> **Problem requirements**: The reply should hold only the lines below beginning at the one with "Porträt von Adolf Hitler Stockfoto" and ending at the one with "Présente, et présente-vert-amarela, Bactris", copied exactly, with every picture left out.

> **Extracted material**:
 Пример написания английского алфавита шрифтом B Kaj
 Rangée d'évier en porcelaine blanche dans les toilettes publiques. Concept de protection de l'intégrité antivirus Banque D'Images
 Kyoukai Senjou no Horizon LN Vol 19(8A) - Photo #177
--
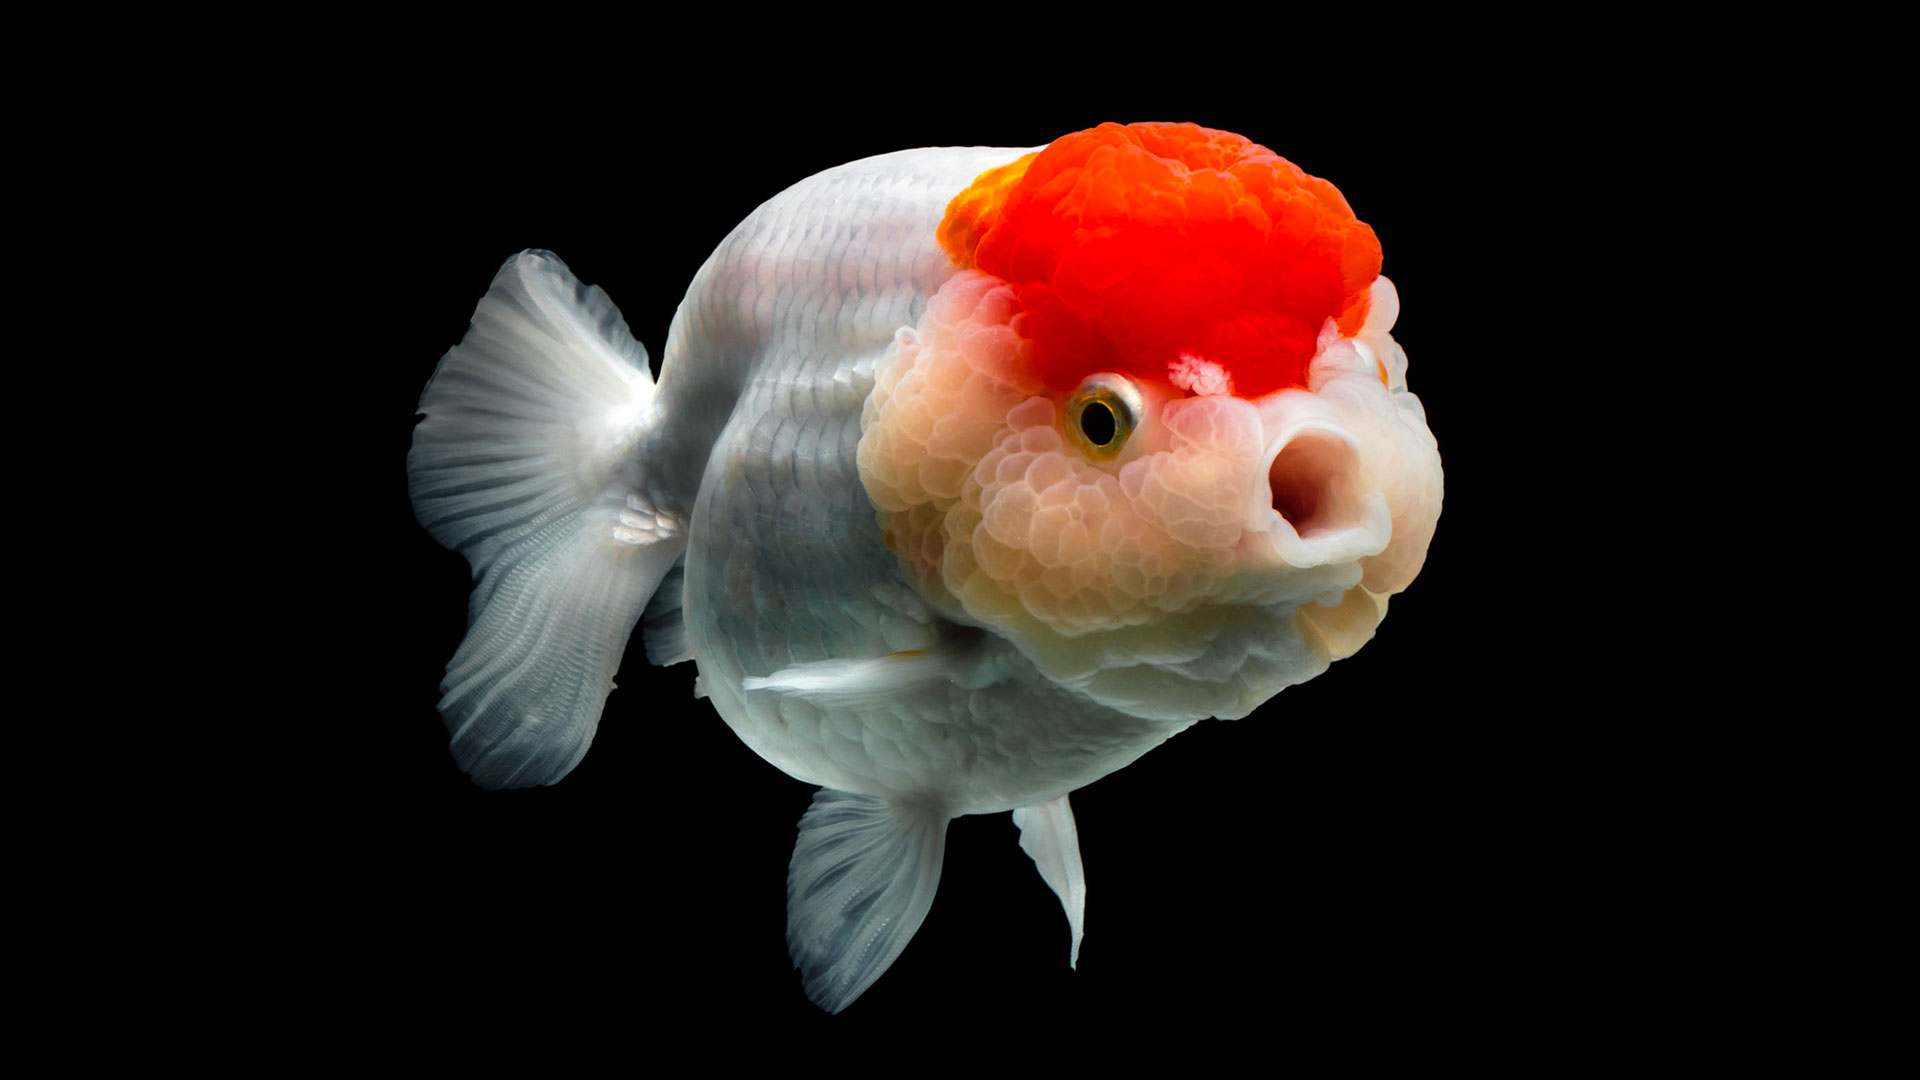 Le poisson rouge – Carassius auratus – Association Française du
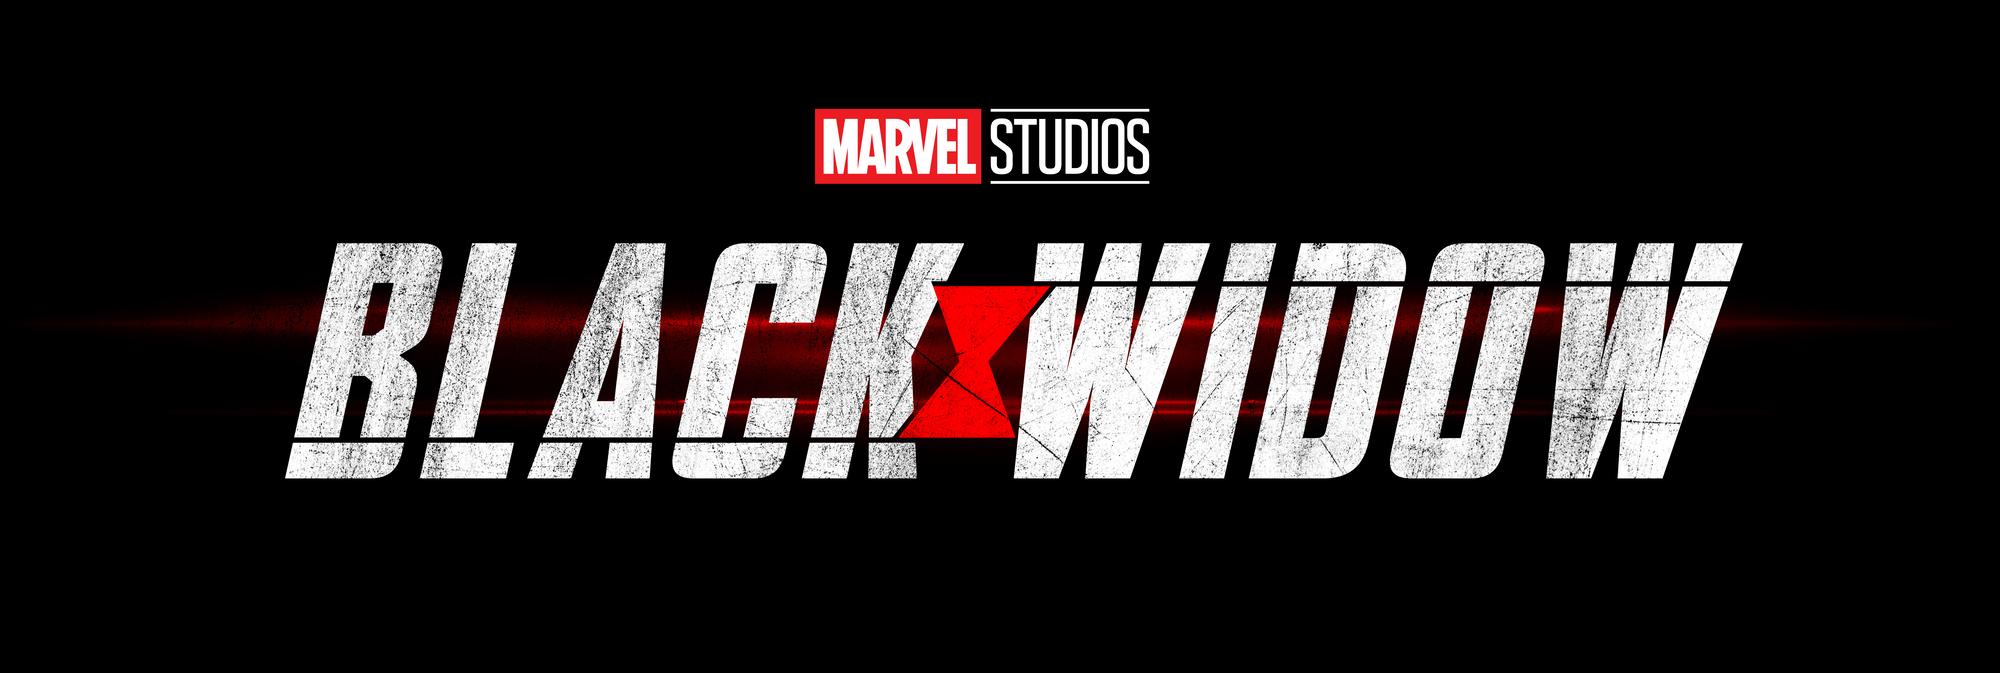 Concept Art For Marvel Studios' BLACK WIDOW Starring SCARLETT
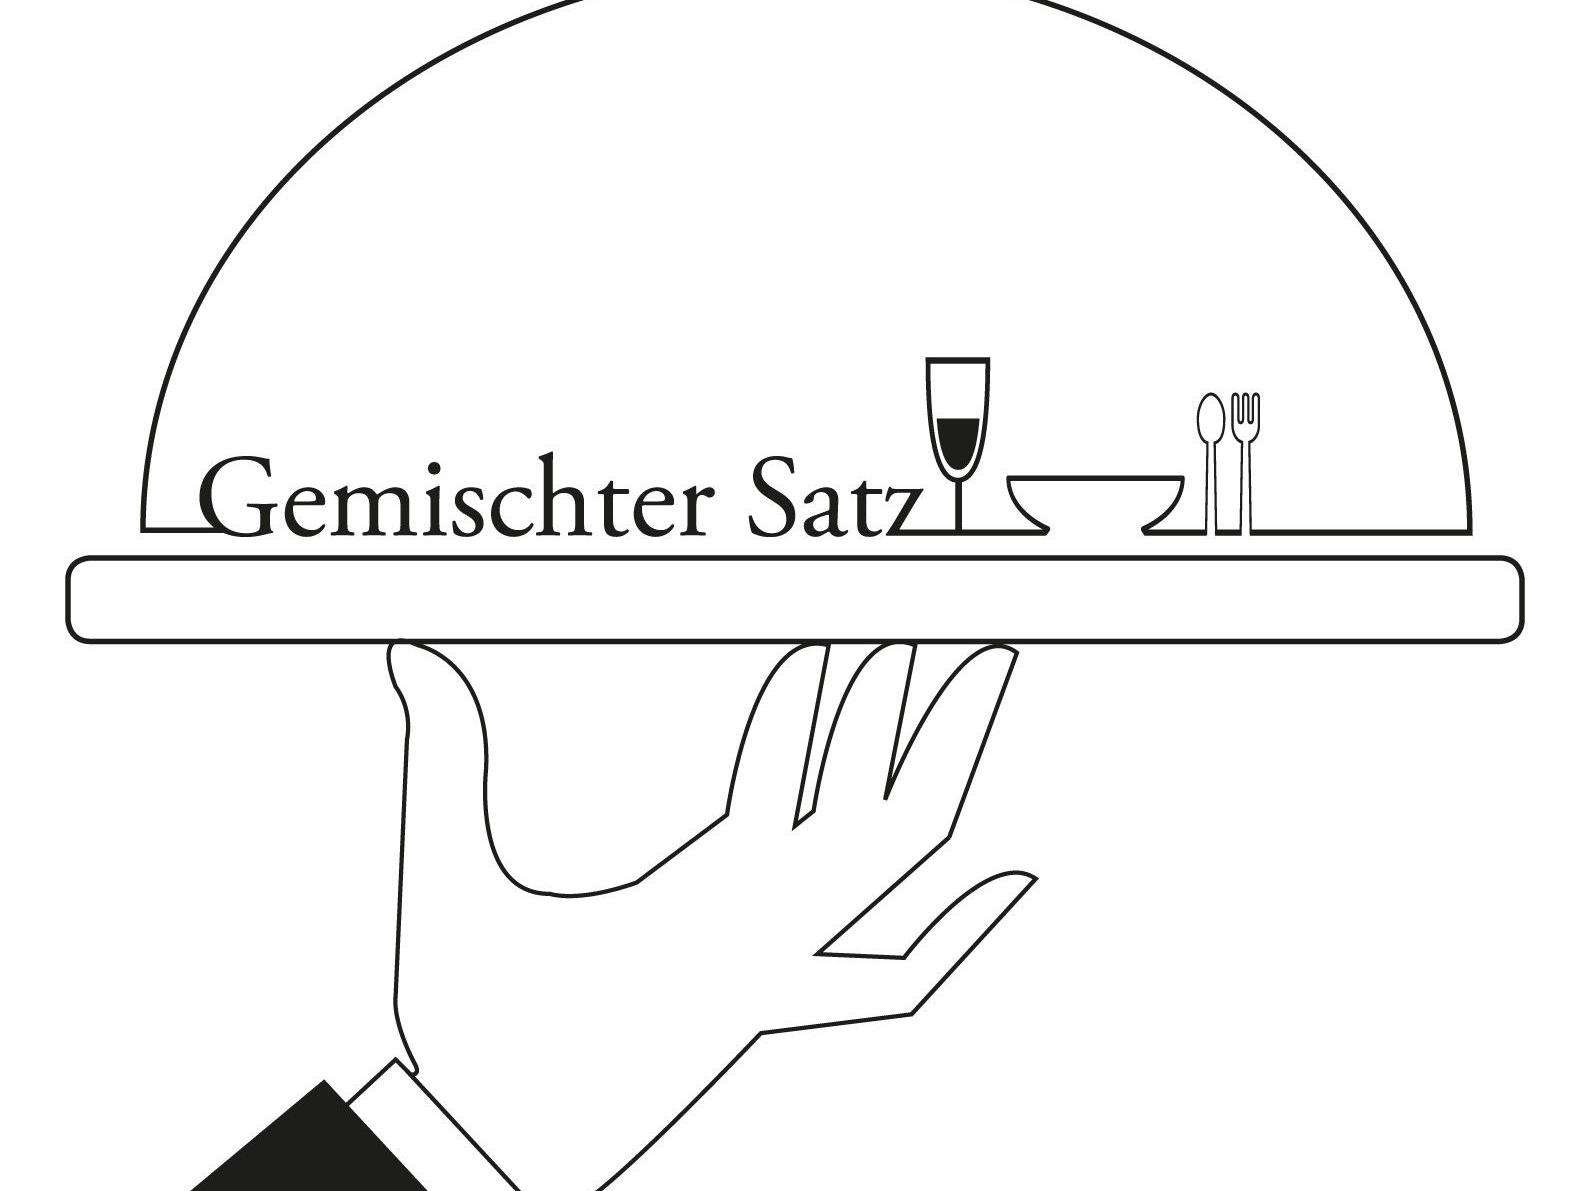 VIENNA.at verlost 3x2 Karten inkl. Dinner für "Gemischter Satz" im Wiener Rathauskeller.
...
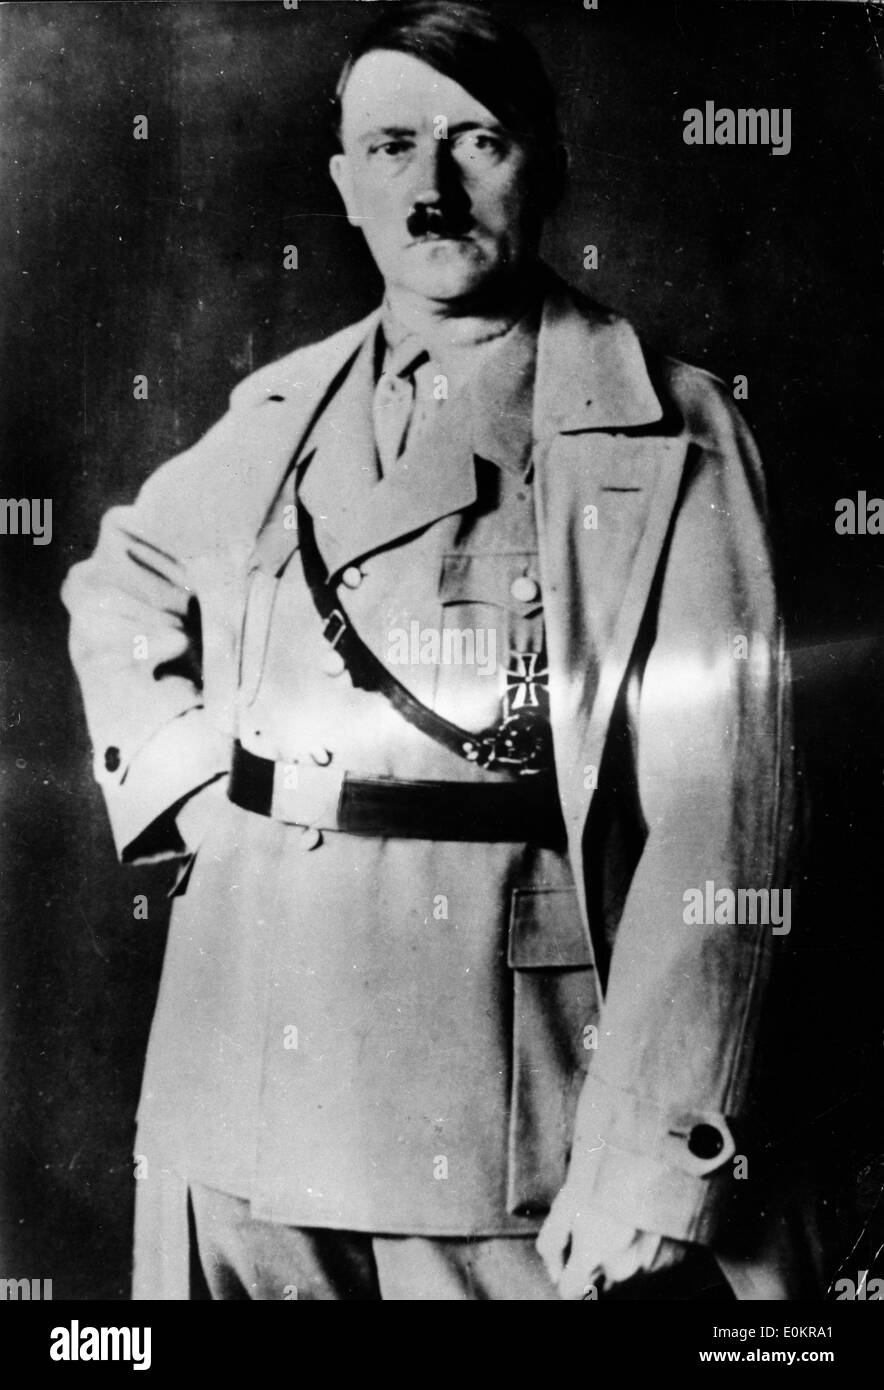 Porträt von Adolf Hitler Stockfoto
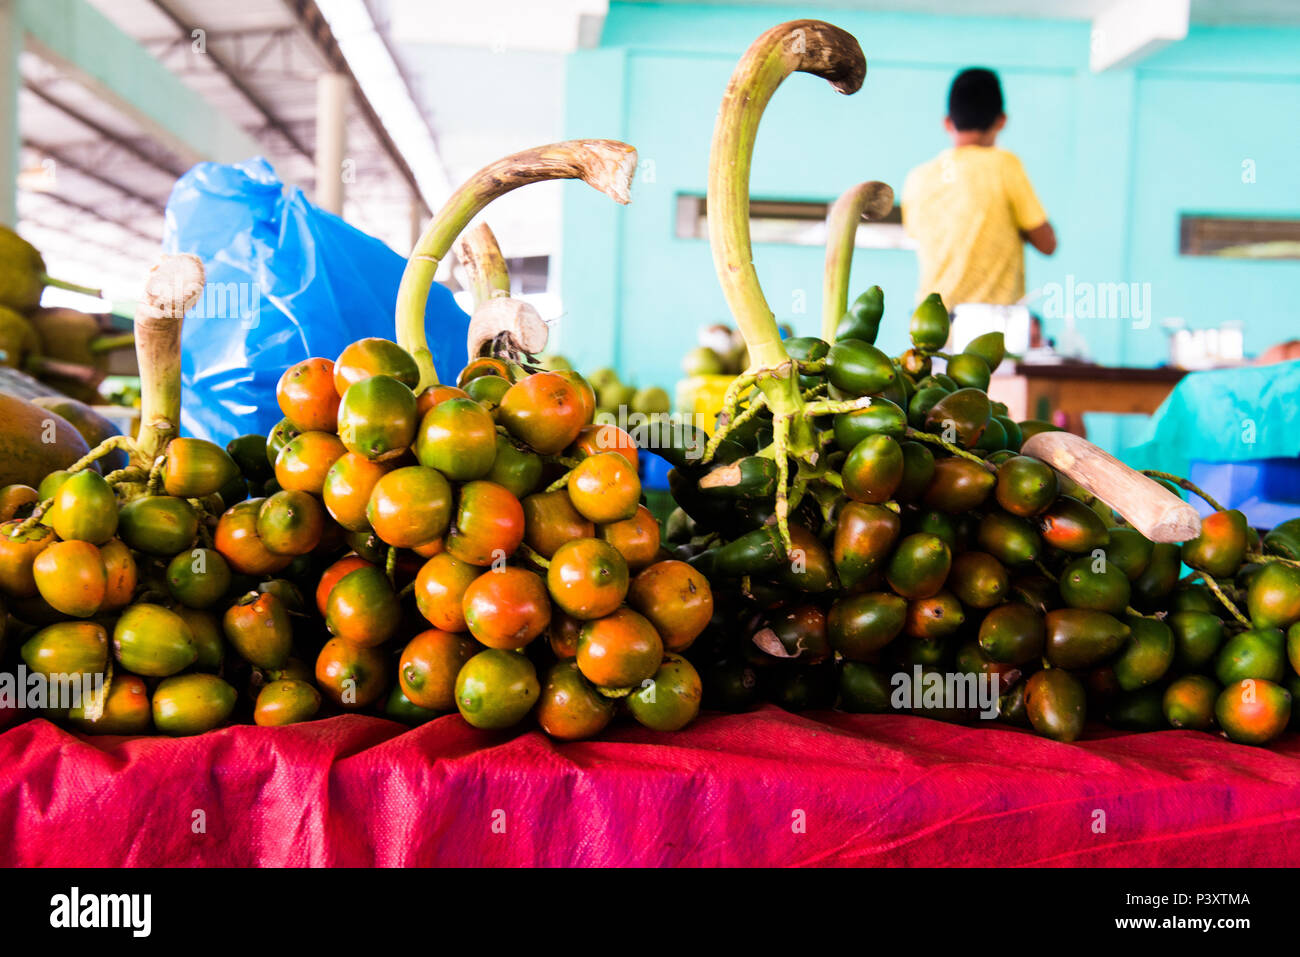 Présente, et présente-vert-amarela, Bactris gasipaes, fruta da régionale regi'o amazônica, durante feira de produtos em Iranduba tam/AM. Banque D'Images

> **Written response**:
 Porträt von Adolf Hitler Stockfoto
 Présente, et présente-vert-amarela, Bactris gasipaes, fruta da régionale regi'o amazônica, durante feira de produtos em Iranduba tam/AM. Banque D'Images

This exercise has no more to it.